● **Extracted data**:
+-------+
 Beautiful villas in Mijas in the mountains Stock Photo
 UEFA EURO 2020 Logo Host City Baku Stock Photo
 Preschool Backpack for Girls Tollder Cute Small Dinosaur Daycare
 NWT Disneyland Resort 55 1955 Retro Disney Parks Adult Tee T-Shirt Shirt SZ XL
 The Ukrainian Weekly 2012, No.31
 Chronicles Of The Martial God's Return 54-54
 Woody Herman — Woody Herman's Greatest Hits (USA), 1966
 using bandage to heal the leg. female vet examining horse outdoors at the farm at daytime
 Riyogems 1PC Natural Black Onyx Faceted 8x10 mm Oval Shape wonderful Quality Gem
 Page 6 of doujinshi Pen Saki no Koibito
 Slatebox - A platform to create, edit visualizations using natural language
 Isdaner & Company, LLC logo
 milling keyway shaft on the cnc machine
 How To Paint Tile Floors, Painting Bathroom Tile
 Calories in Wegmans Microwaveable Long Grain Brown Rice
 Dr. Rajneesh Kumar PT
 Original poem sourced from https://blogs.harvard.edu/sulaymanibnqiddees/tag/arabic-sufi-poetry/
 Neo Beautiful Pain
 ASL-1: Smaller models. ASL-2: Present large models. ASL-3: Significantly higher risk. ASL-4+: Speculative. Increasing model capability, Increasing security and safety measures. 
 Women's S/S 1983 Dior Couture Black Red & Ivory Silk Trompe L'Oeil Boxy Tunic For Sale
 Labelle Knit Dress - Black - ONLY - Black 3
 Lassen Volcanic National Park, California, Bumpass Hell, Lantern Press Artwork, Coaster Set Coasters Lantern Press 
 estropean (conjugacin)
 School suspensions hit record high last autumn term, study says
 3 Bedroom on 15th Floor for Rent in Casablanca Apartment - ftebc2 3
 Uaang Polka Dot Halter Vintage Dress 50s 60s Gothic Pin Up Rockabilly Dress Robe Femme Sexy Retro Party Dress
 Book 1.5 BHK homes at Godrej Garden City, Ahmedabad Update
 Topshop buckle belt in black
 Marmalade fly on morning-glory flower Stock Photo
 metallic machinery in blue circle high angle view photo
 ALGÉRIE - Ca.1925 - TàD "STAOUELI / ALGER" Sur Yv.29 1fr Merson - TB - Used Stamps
+-------+
● **Problem to solve**: After locating the line holding "Neo Beautiful Pain" above, output exactly that line and every line after it through the line holding "estropean (conjugacin)". Include nothing else.

● **Exercise output**:
 Neo Beautiful Pain
 ASL-1: Smaller models. ASL-2: Present large models. ASL-3: Significantly higher risk. ASL-4+: Speculative. Increasing model capability, Increasing security and safety measures. 
 Women's S/S 1983 Dior Couture Black Red & Ivory Silk Trompe L'Oeil Boxy Tunic For Sale
 Labelle Knit Dress - Black - ONLY - Black 3
 Lassen Volcanic National Park, California, Bumpass Hell, Lantern Press Artwork, Coaster Set Coasters Lantern Press 
 estropean (conjugacin)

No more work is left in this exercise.